The case arises out of a challenge brought by several home health care associations to the Department of Labor (DOL) regulation. Those associations argued that the regulation was inconsistent with the actual language of the Fair Labor Standards Act (FLSA) and the congressional intent in creating the minimum wage and overtime exemptions. The lower court judge agreed with the associations and invalidated the new regulation, concluding that the regulation contravened the FLSA exemptions.

In its 24-page opinion reversing the lower court, the D.C. Circuit ruled that the DOL’s regulation was grounded in a reasonable interpretation of the federal FLSA. The appellate court relied largely on a 2007 decision issued by the U.S. Supreme Court in determining that the DOL was vested under federal law with the necessary discretion to limit the scope of the minimum wage and overtime exemption that previously had applied to home health care workers.

The court cited “a marked transformation” in the provision of residential care since the minimum wage and overtime exemption was first adopted in 1974, and noted that previously, the provision of professional care primarily took place outside the home in institutions and nursing homes and that the individuals who provided the services in the home were principally “elder sitters” and not the type of professional caregivers employed by third-party agencies in present times.
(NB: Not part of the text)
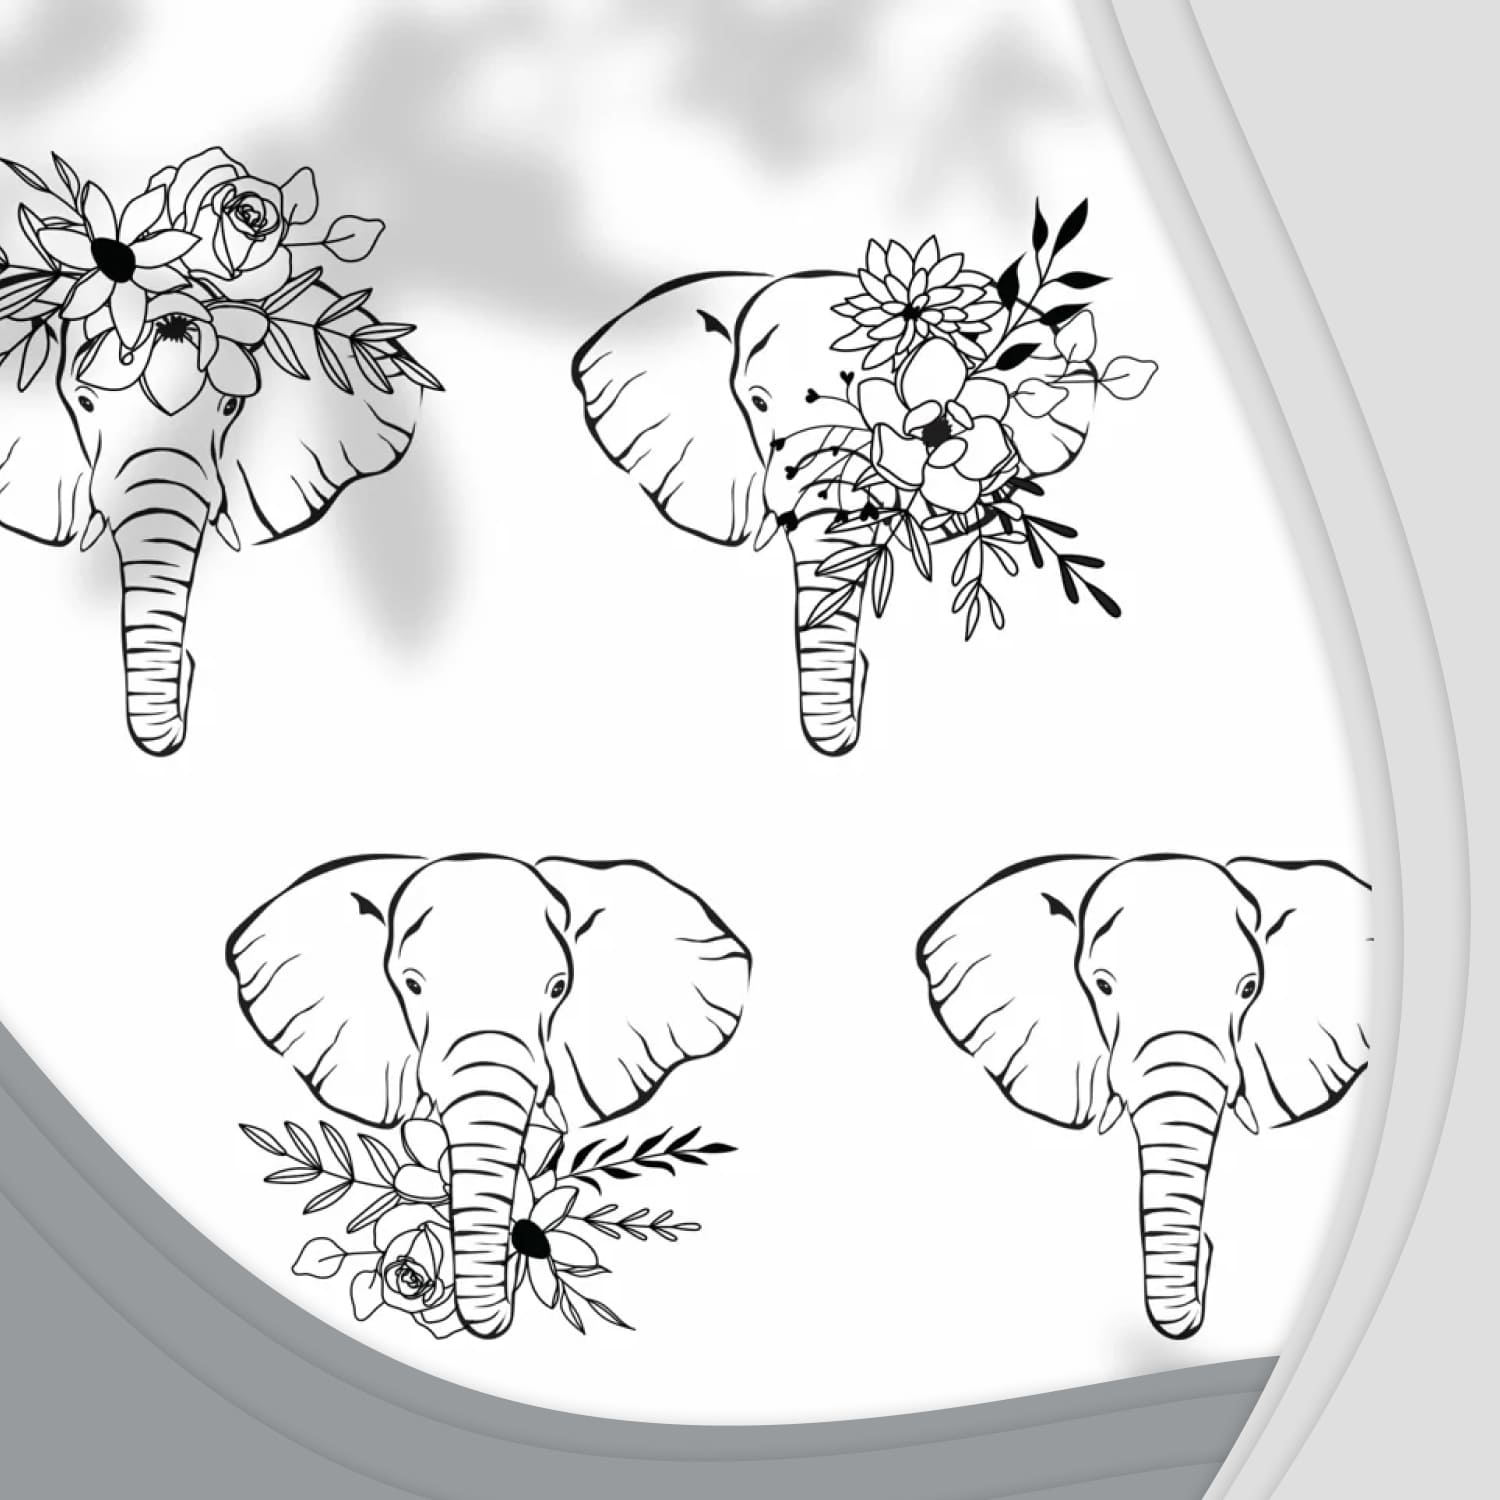 Drawing of elephants with flowers on their heads.

The appellate court found that the DOL’s regulation to bring home health care workers employed by third-party employers within the FLSA’s minimum wage and overtime protections was reasonable and consistent with congressional intent.

The federal appeals court also struck down the home health care associations’ challenge to the portion of the new regulation defining the scope of the “companionship services” encompassed by the companionship-services exemption under the FLSA. On this issue, the court ruled that the associations do not have standing to maintain the challenge in federal court.

The challenge addressed yet another part of the DOL’s new regulation that narrowed the scope of the remaining minimum wage and overtime exemption. This regulation eliminated the exemption for those individual caregivers who perform general household work and for those individual caregivers who spend more than a limited amount of time devoted to assisting with activities of daily living. The appeals court concluded that since the third-party employers could no longer take advantage of the companionship services exemption, they no longer could claim they were injured by the narrowing of that exemption.

Key Takeaways

The August 21st decision paves the way for the DOL regulation that extends the federal minimum wage and overtime requirements to home health care workers employed by third-party employers to go into effect in its entirety. Third-party employers of home health care workers should take appropriate steps now, if they have not done so already, to ensure they comply with all applicable minimum wage and overtime and record-keeping requirements for their home health care workers if and when it is determined that the new regulation will take effect.

Note that some states already require third-party employers to pay overtime and minimum wage to home health care workers and personal attendants, but those state laws may include requirements that differ from the FLSA’s overtime requirements. For example, California’s Domestic Worker Bill of Rights—Assembly Bill 241, which was signed by the governor in 2013—requires that overtime compensation be paid to personal attendants for hours worked that exceed 9 hours per day or 45 hours per week.

The FLSA, on the other hand, requires overtime payments for hours worked that exceed 8 hours per day or 40 hours per week. In these cases, employers must be careful to ensure that they are complying with both state and federal law.